The Mocha cyclone made landfall on the North Myanmar–Southeast Bangladesh coasts between Kyaukpyu (Myanmar) and Cox’s Bazar (Bangladesh) on 06 UTC 14 May 2023, with sustained winds of approximately 210–220 km/h, equivalent to a category 4 hurricane intensity. Moreover, the Mocha cyclone brought approximately 64 cmd⁻¹ of rainfall and an associated storm surge of 3–4 m near Kyaukpyu and Sittwe port city. However, for the Cyclone Mocha case, the SST was ~32 °C, and a TCHP > 100 KJ cm⁻² caused the RI, and it lasted over 9–15 May 2023, as shown in Figure 3c,d. Correspondingly, the magnitude of VWS (ms⁻¹) and RH (%) are shown in Figure 3a,b.
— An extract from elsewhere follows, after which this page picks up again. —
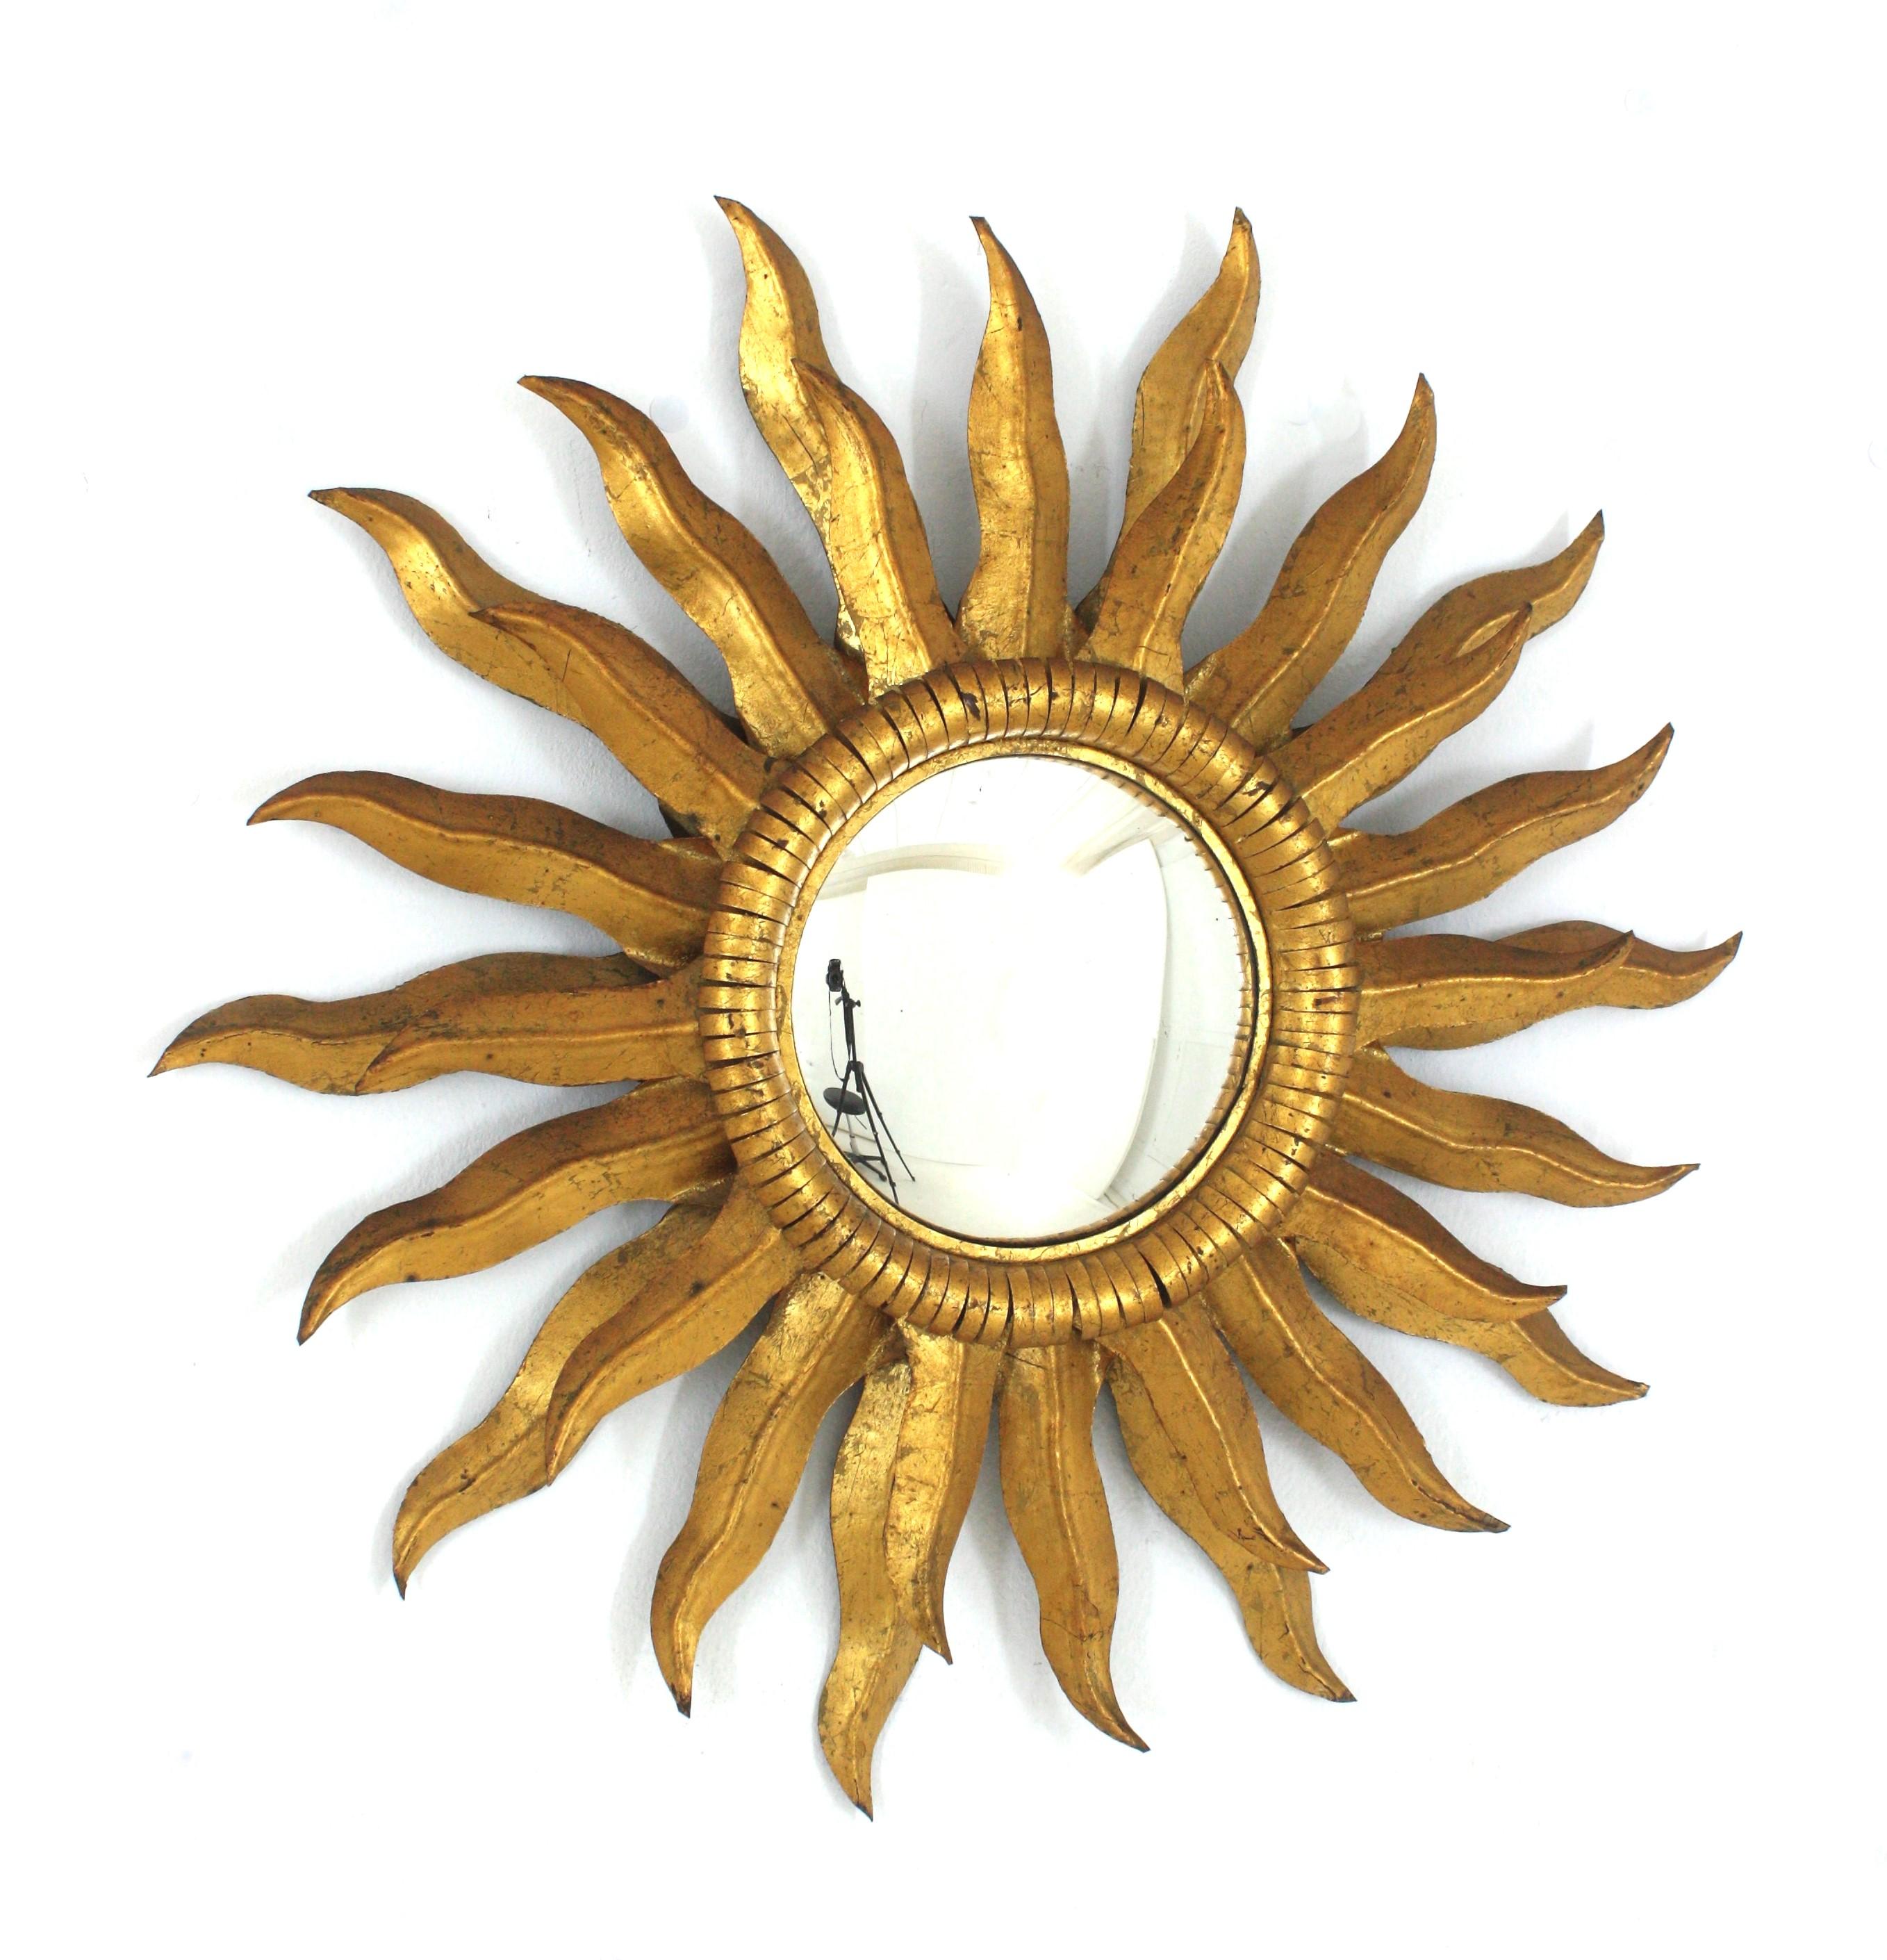 Spanish Double Layered Convex Sunburst Mirror in Gilt Metal, 1950s For Sale 9

In general, it was noticed that the VWS was relatively low, around 10 ms⁻¹, and the RH > 50% during the genesis stage, valid on 00UTC 09 May 2023. However, Mocha intensified as an ESCS stage on 00 UTC of 13 May 2023, when the RH reached above 70% and the VWS reached 8 ms⁻¹.

During 00 UTC 15 May 2023, the VWS and RH sharply decreasing to 5 ms⁻¹ and 30% caused rapid dissipation, as shown in the Supplementary Figure S2. The combined influence of SST, TCHP, VWS, and RH, relatively, remain very challenging for the prediction of TCs, as discussed in Bi et al. [37].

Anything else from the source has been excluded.